### Problem description
Reproduce the whole listing word for word. Leave every image out.

### Stored data
[Start of Attachment]

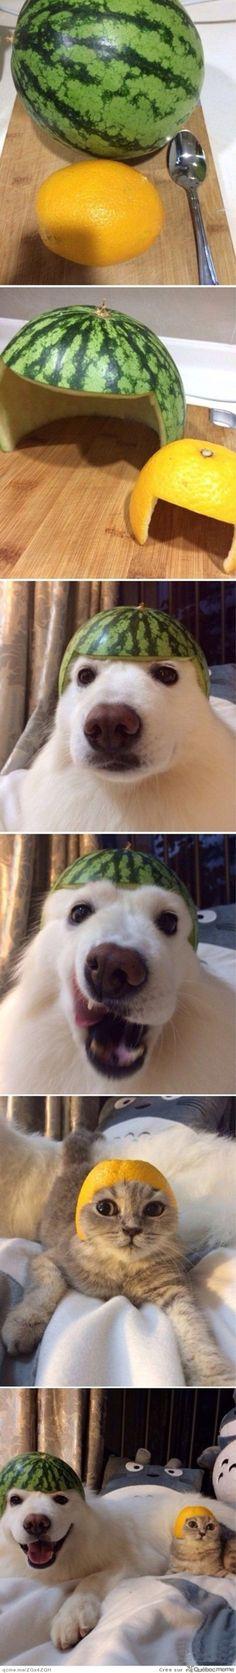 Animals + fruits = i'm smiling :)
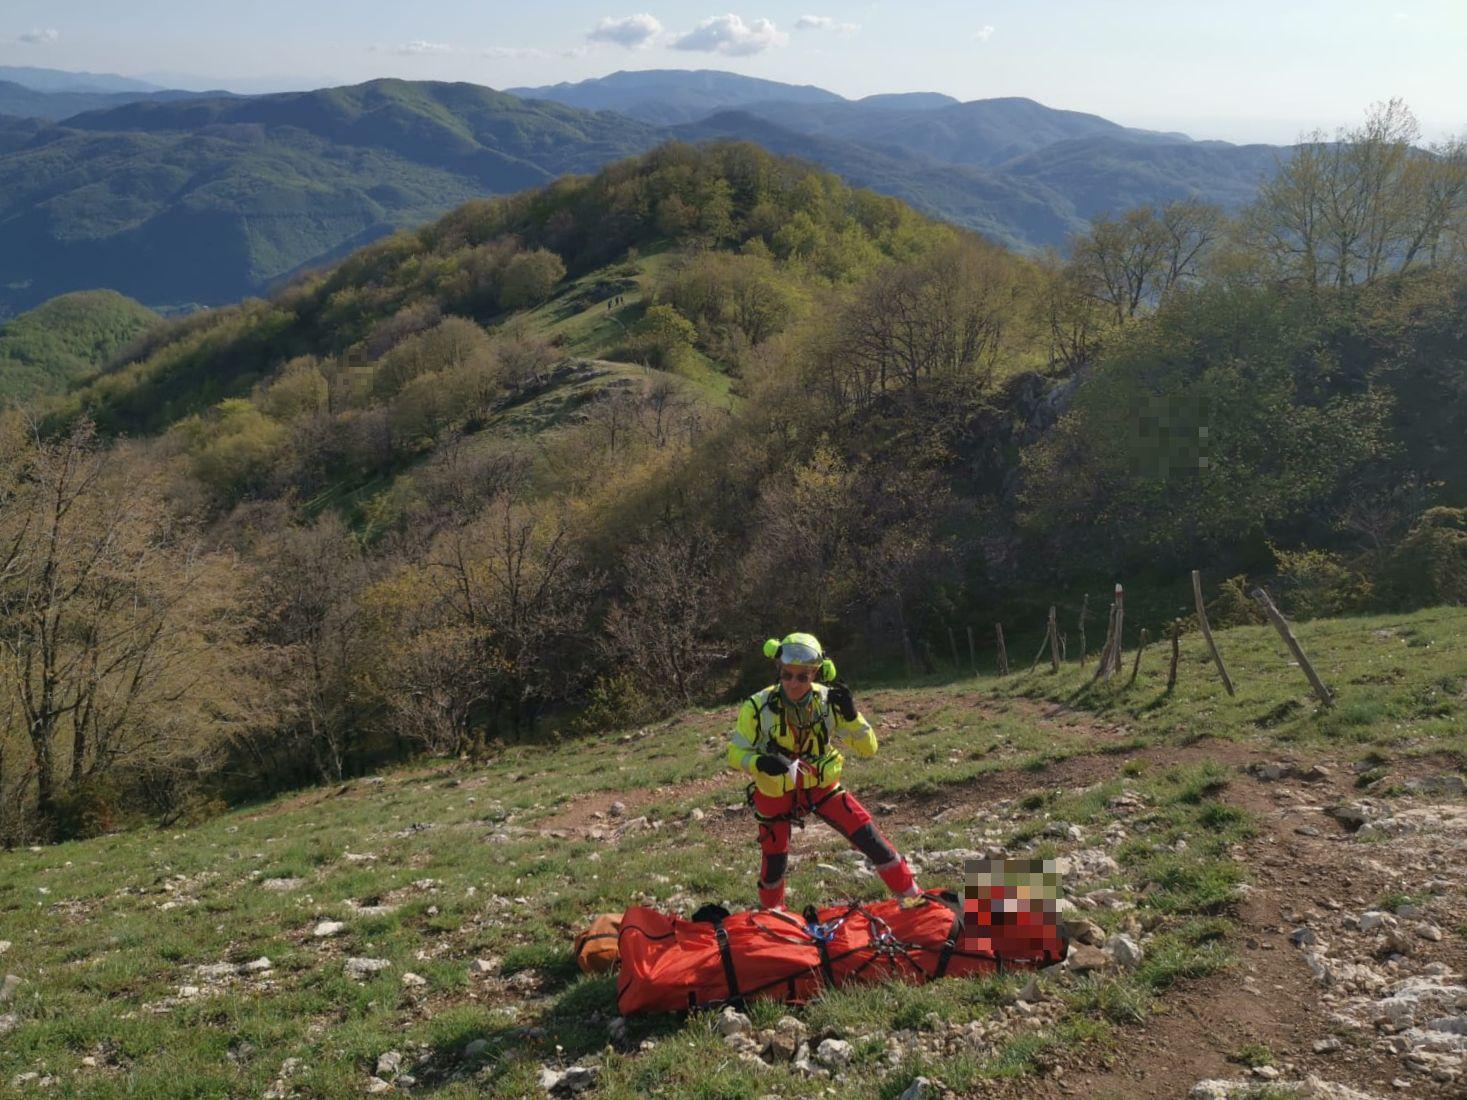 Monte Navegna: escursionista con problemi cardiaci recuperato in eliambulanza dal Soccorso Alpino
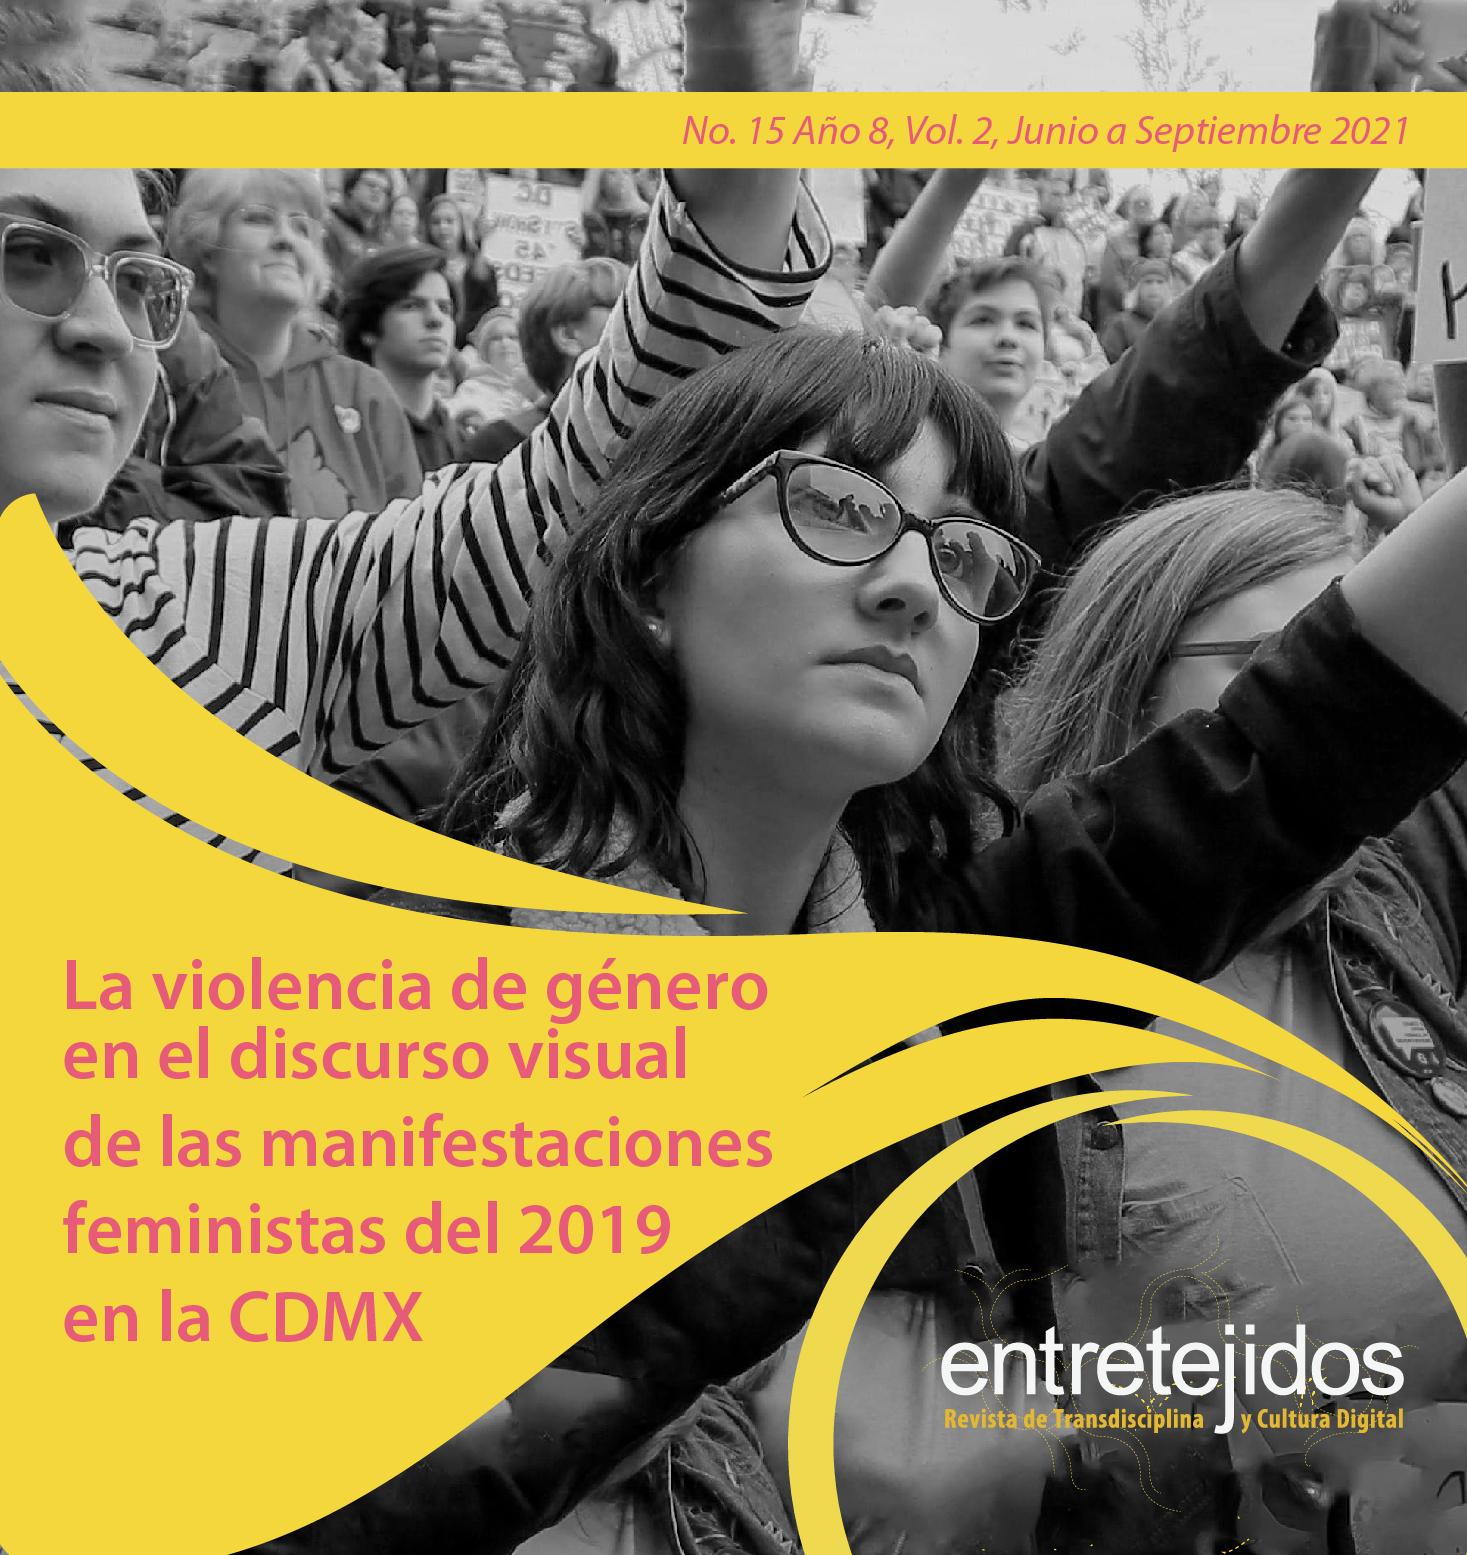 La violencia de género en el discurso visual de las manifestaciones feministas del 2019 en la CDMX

[End of Attachment]

### Result of this task
 Animals + fruits = i'm smiling :)
 Monte Navegna: escursionista con problemi cardiaci recuperato in eliambulanza dal Soccorso Alpino
 La violencia de género en el discurso visual de las manifestaciones feministas del 2019 en la CDMX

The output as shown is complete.